Beatriz Milhazes, Santa Cruz, 1995. Acrylic on canvas, 76 1/4 × 120 1/4 in. (193.7 × 305.4 cm). Solomon R. Guggenheim Museum, New York, Gift, The Bohen Foundation 2001.220. © Beatriz Milhazes. Photo: Ariel Ione Williams, Solomon R. Guggenheim Museum, New York
“The Guggenheim is thrilled to present the first New York museum exhibition of Beatriz Milhazes. Her colorful abstractions interweave references to art history and the natural world while merging Brazilian cultural motifs with modernist influences. The show offers a rare opportunity to engage with her unique creative process and see how she reinforces her Carioca roots, creating an elaborate lexicon of allusions and symbols within a vernacular Brazilian context, ” states
Geaninne Gutiérrez-Guimarães, Curator, Guggenheim Museum Bilbao and Solomon R. Guggenheim Museum and Foundation, New York.
Beatriz Milhazes, O cravo e a rosa (The Carnation and the Rose), 2000. Acrylic on canvas, 94 1/2 × 95 in. (240 × 241.3 cm). Solomon R. Guggenheim Museum, New York, Gift, The Bohen Foundation 2001.223. © Beatriz Milhazes. Photo: Ariel Ione Williams, Solomon R. Guggenheim Museum, New York
In 1989 Milhazes developed an innovative technique she calls “monotransfer, ” inspired by the monotype printing process, in which a painted image is transferred from a plate to paper, producing a mirror image. The artist’s methodical process begins with painting motifs onto clear plastic sheets with acrylic paint. Once the acrylic dries, she layers and adheres the painted films to canvas one by one, constructing her abstract compositions through the careful arrangement of these distinct motifs. She then peels away the plastic sheets, revealing the forms in reverse.

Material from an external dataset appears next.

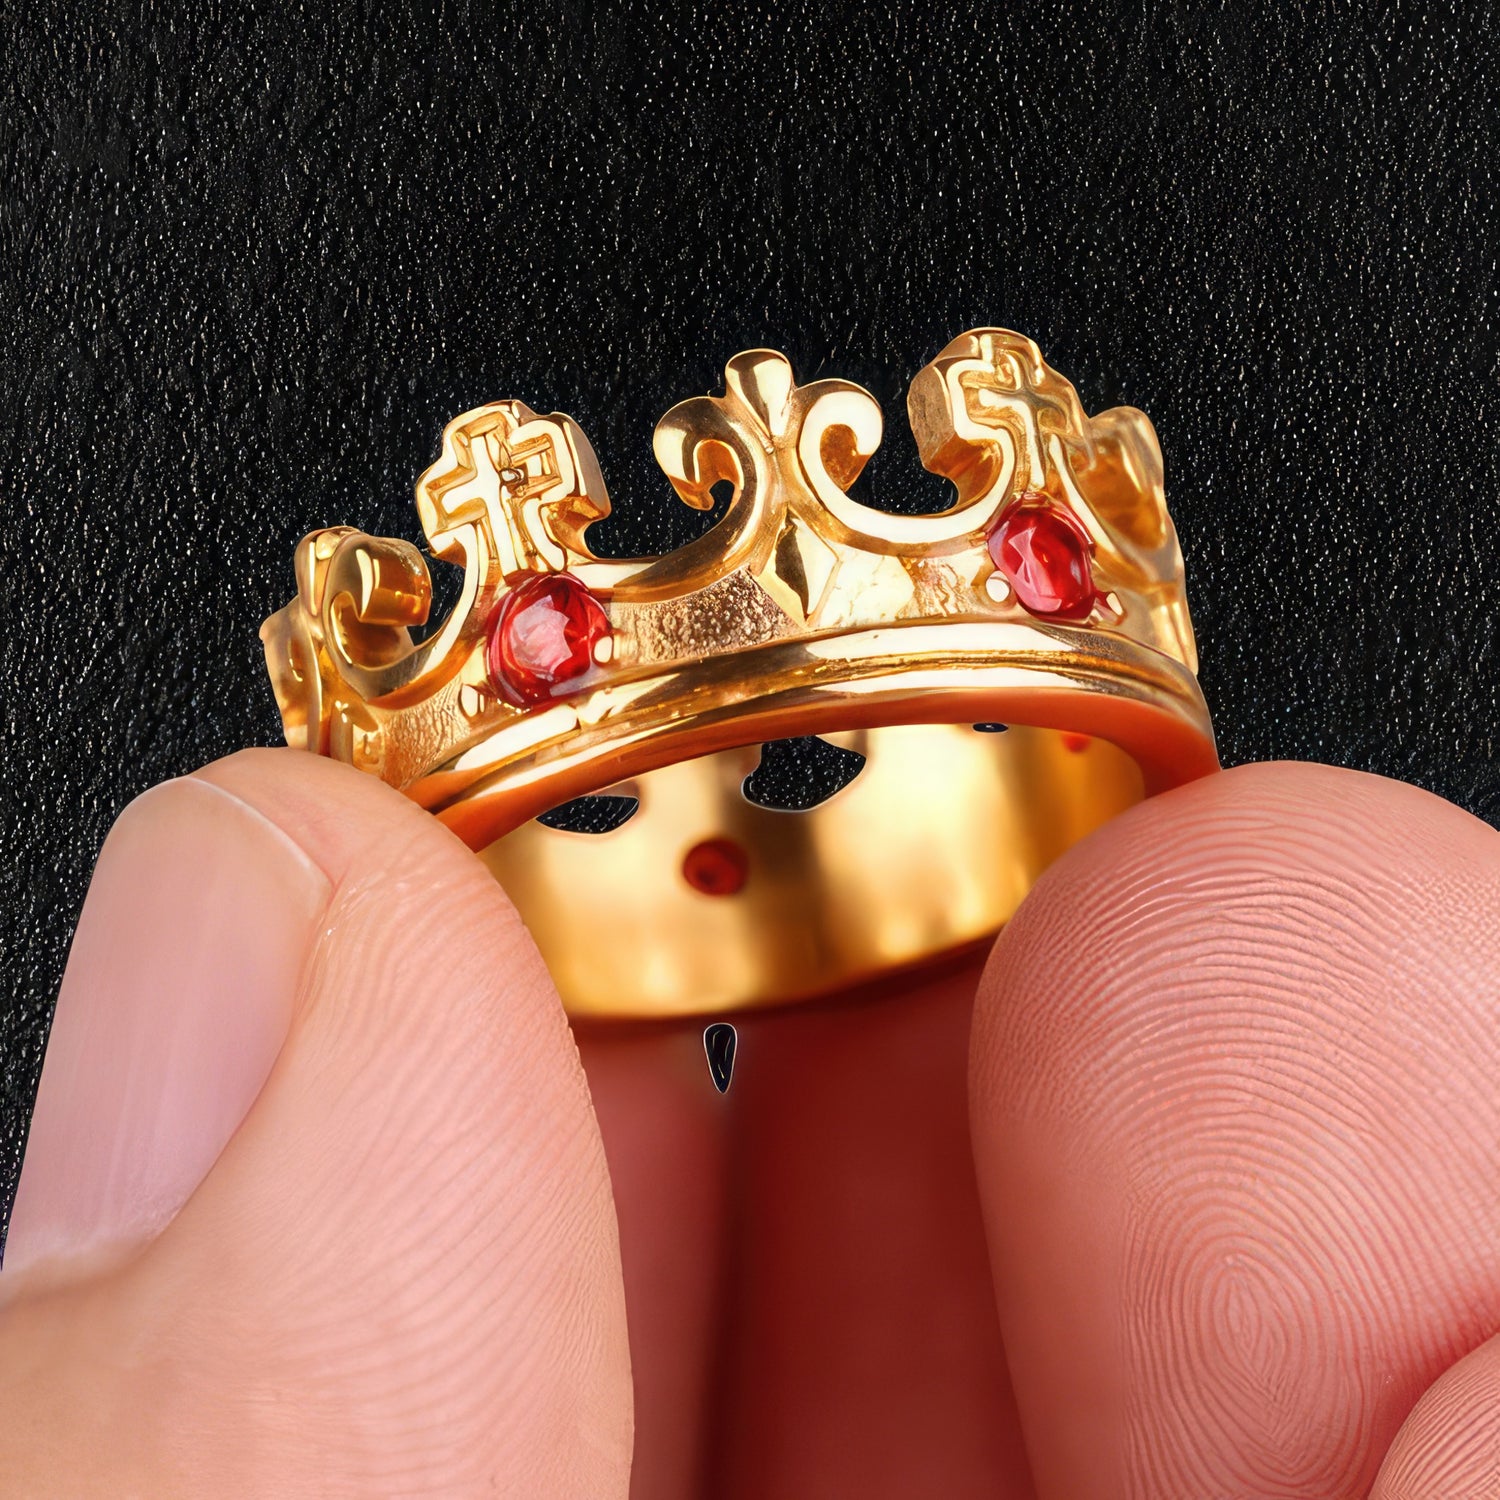 Queen Silver Crown Ring | Floral Fawna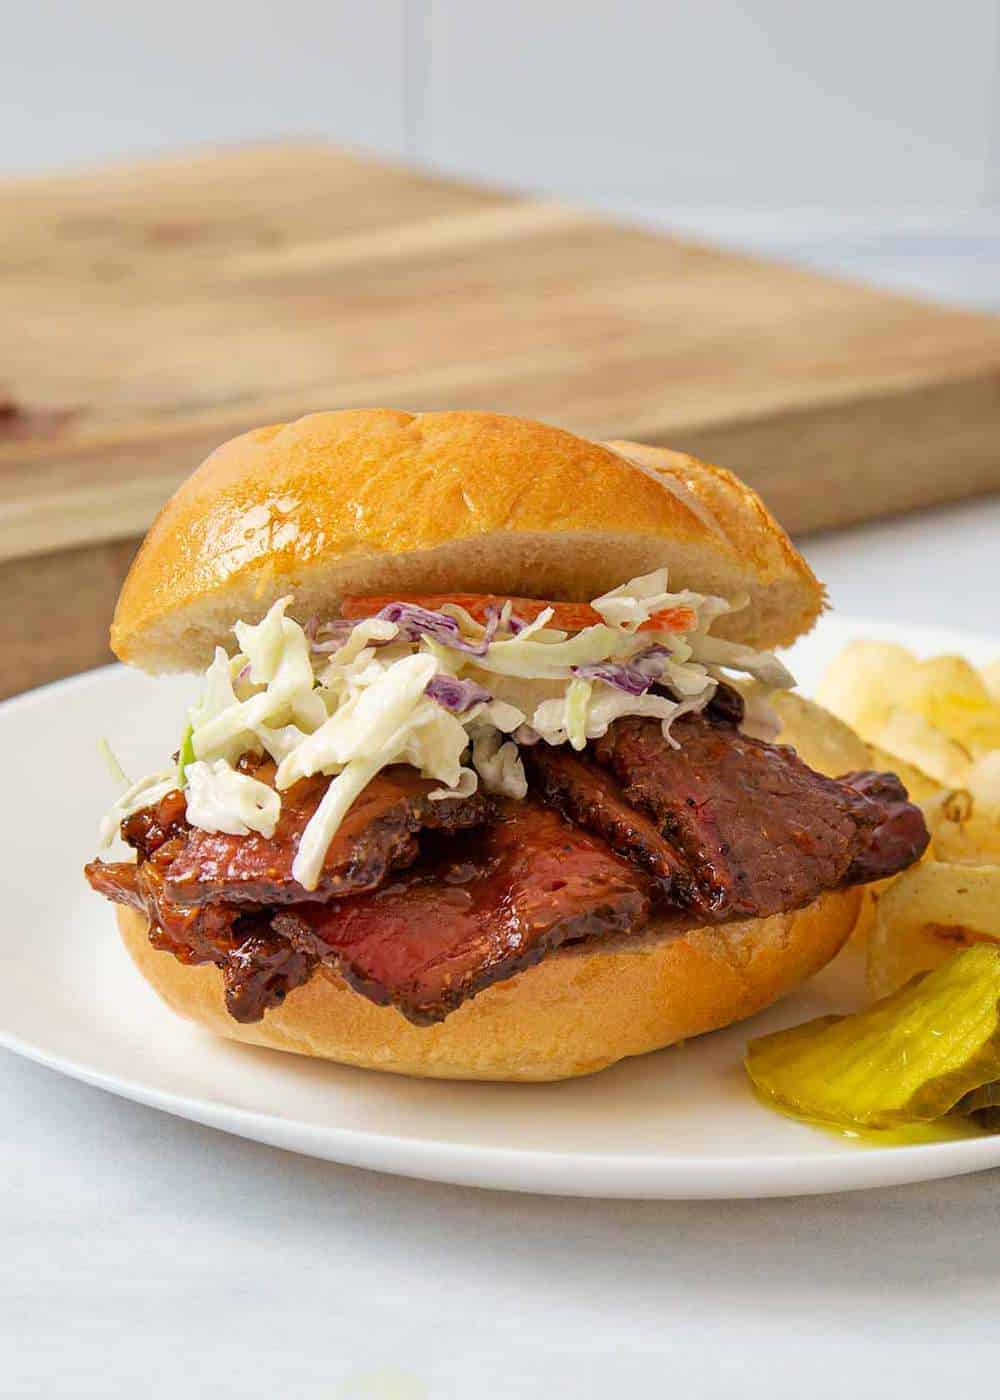 A BBQ brisket sandwich with coleslaw on a plate.

Since the painting process is unpredictable, her canvases often contain incomplete or faint structures formed by residual traces of paint from previous works, as she reuses the same plastic sheets over many years. Milhazes embraces these elements as acts of chance and improvisation, integrating them into new pieces as fortuitous inclusions. The result is a densely textured composition in which vibrant colors, organic shapes, and geometric patterns interact harmoniously on a surface imbued with the memory of the artist’s actions.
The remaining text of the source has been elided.